Las mutaciones fueron descritas por primera vez en 1901 por uno de los redescubridores de Mendel, el botánico holandés Hugo De Vries; en 1929 el biólogo estadounidense Hermann Joseph Muller observó que la tasa de mutaciones aumentaba mucho con los rayos X; más tarde, se vio que otras formas de radiación, así como las temperaturas elevadas y varios compuestos químicos, podían inducir mutaciones. La tasa también se incrementa por la presencia de alelos específicos de ciertos genes, conocidos como genes mutadores, algunos de los cuales parece ser que producen defectos en los mecanismos responsables de la fidelidad de la replicación de ADN; otros pueden ser elementos que se transponen.

La mayoría de las mutaciones genéticas son perjudiciales para el organismo que las porta. Una modificación aleatoria es más fácil que deteriore y que no mejore la función de un sistema complejo como el de una proteína; por esta razón, en cualquier momento, el número de sujetos que portan un gen mutante determinado se debe a dos fuerzas opuestas: la tendencia a aumentar debido a la propagación de individuos mutantes nuevos en una población, y la tendencia a disminuir debido a que los individuos mutantes no sobreviven o se reproducen menos que sus semejantes. Varias actuaciones humanas recientes, como la exposición a los rayos X con fines médicos, los materiales radiactivos y las mutaciones producidas por compuestos químicos, son responsables de su aumento.
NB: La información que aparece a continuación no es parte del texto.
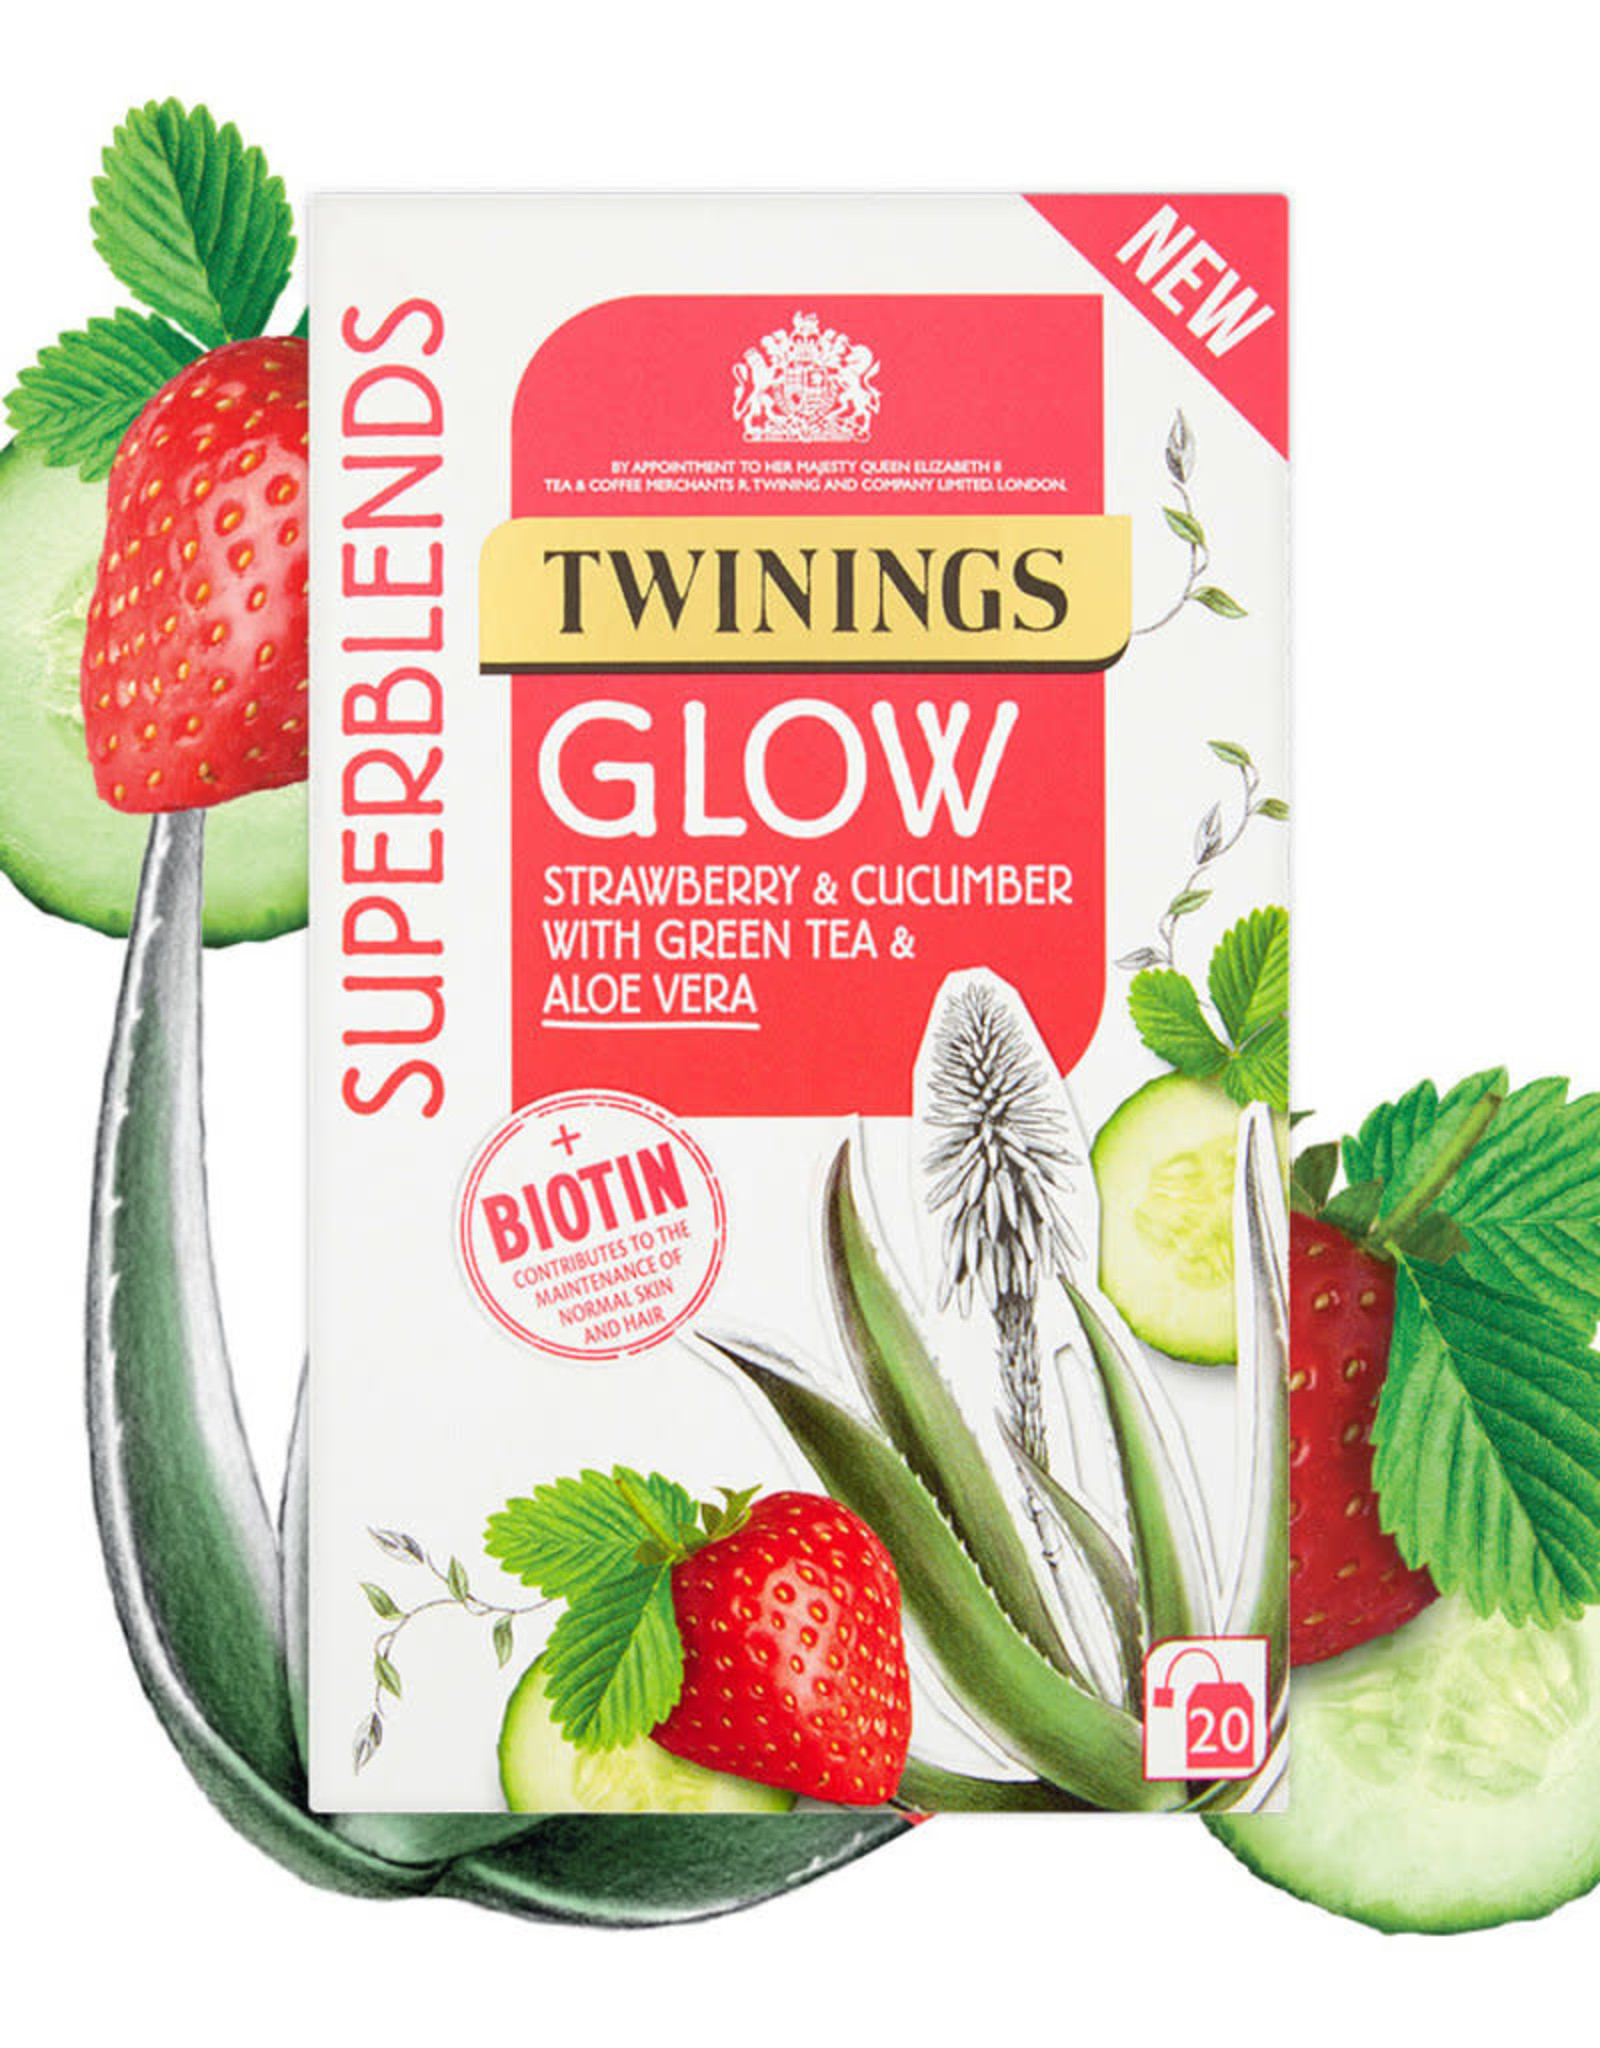 Twinings Twinings Glow Strawberry & Cucumber 20's

Por lo general, las mutaciones son recesivas, sus efectos perjudiciales no se expresan a menos que dos de ellos coincidan para dar lugar a una situación homocigótica; esto es más probable en la procreación consanguínea, en el apareamiento de organismos muy relacionados que pueden haber heredado el mismo gen mutante recesivo de un antecesor común; por esta razón, las enfermedades hereditarias son más frecuentes entre los niños cuyos padres son primos que en el resto de la población.